Been reading a few months though shy to posting, my other half introduced himself a while back & already feels at home here. We've recently purchased our "new to us" sailboat and are looking forward to enjoying the cruising lifestyle in the future after we get everything set up the way we like it, so I'll probably be spending a fair amount of time in the Live Aboard & HerSailnet areas reading up on as much as I can 

Just wanted to land my first post and say that I've been really impressed by the number of posters here (especially the females), you've shared a vast amount of knowledge with us that we truly appreciate & we hope to be able to share the wealth in the future!

Happy Sails!


----------



## CharlieCobra (May 23, 2006)

Welcome aboard...


----------



## sailingdog (Mar 19, 2006)

Welcome aboard. Do you have any photos of your boat yet? I'd also recommend you read the POST in my signature as it will help you get more out of your time on Sailnet.


----------



## deniseO30 (Nov 27, 2006)

Welcome! Don't forget to read and contribute to her sailnet! We don't all sail braless it's just a rumor round here, giggle


----------



## smackdaddy (Aug 13, 2008)

I do, in fact, sail braless. And I'm proud of it.

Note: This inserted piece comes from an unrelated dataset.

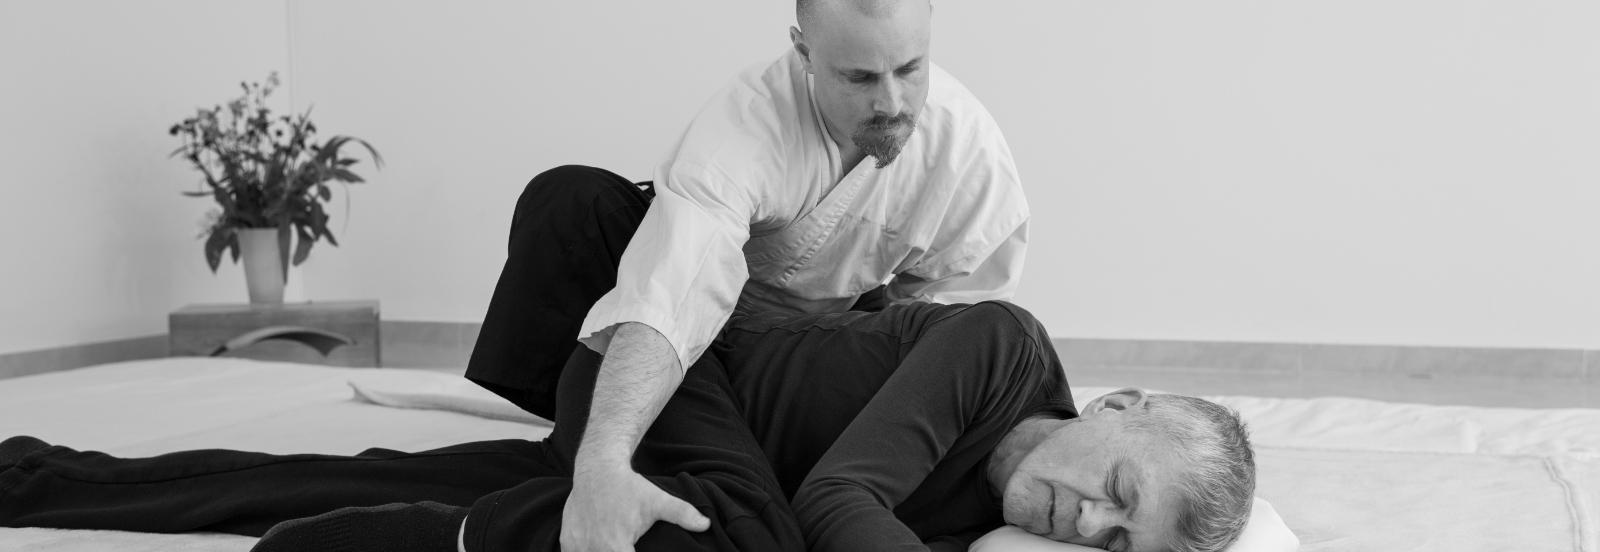 Exemple pratique : Shiatsu et migraine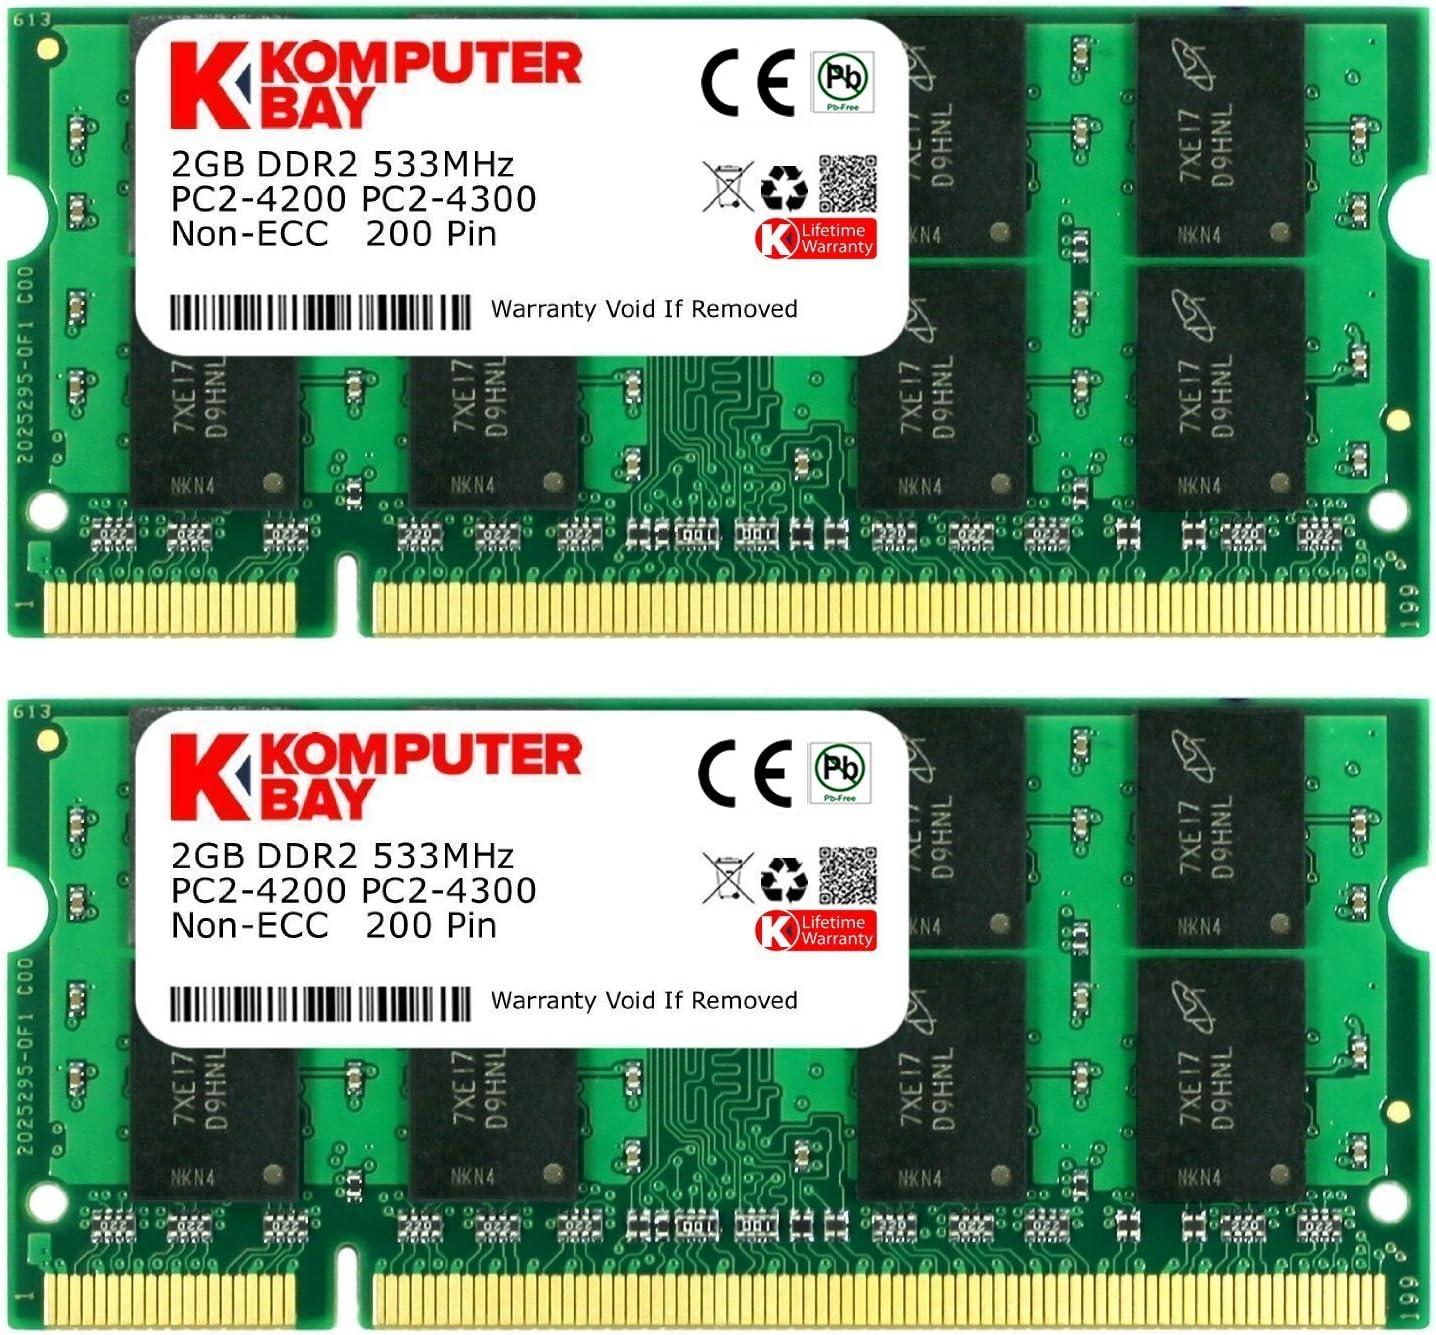 KOMPUTERBAY 4GB 2X 2GB DDR2 533MHz PC2-4200 PC2-4300 DDR2 533 (200 PIN) SODIMM Laptop Memory

Welcome to SN derby. And whatever you do, don't read the post in Dog's sig. Your eyes will roll back in your head.

Just repeat after me..."rules schmules".


----------



## Faster (Sep 13, 2005)

Welcome, Derbygal!


----------



## gripandrip27 (May 1, 2010)

I am new here as well.You ladies are crackin' me up with the braless sailing jokes.


----------



## multiboat (Dec 11, 2012)

New here too. Wife & I love the water, have boated since married (30 yrs now) and would love to sail into retirement. Just shifted from 20'Bayliner to a 20' Pontoon, for the sake of the # of kids, their significant others & the grandkid. Doubt if retirement (in 7 years will shift our residence south, but would like to sail Great Lakes and down to the Gulf.


----------